EXERCISE: Only the lines holding "Stock" are wanted. Copy every one from the records below.

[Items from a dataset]
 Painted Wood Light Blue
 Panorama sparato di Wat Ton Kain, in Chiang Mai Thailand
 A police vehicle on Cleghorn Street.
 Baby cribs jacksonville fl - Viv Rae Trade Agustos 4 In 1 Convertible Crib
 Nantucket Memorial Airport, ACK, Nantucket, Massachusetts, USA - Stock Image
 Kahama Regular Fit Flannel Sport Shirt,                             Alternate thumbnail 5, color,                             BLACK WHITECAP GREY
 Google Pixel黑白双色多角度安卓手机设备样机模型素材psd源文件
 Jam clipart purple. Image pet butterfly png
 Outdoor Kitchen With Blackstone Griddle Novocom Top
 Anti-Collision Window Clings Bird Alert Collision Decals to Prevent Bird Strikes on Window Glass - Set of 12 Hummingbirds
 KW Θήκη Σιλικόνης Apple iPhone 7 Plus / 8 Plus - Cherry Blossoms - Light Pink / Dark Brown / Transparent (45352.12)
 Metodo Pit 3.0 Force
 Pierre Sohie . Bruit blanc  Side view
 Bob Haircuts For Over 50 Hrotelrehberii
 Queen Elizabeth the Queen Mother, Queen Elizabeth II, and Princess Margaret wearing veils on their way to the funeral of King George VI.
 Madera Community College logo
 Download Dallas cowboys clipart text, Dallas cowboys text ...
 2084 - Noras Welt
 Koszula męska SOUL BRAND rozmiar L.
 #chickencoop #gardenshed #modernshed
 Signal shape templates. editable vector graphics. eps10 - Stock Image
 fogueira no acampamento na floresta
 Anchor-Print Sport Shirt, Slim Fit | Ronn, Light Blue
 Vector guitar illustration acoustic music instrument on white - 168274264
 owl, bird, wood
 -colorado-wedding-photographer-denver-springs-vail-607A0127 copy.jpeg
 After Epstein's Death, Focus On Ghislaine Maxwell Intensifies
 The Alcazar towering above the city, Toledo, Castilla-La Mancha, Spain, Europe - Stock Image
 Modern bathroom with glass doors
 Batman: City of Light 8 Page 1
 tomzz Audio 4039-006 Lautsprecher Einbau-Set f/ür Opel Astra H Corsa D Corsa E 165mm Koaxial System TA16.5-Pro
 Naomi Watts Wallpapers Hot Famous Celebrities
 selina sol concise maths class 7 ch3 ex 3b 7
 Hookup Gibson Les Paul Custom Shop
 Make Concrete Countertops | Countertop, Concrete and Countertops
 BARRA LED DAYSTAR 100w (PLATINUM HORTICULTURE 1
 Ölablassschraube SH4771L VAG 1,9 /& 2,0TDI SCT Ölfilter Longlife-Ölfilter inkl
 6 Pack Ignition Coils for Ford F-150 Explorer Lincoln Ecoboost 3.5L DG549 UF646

COMPLETED TASK:
 Nantucket Memorial Airport, ACK, Nantucket, Massachusetts, USA - Stock Image
 Signal shape templates. editable vector graphics. eps10 - Stock Image
 The Alcazar towering above the city, Toledo, Castilla-La Mancha, Spain, Europe - Stock Image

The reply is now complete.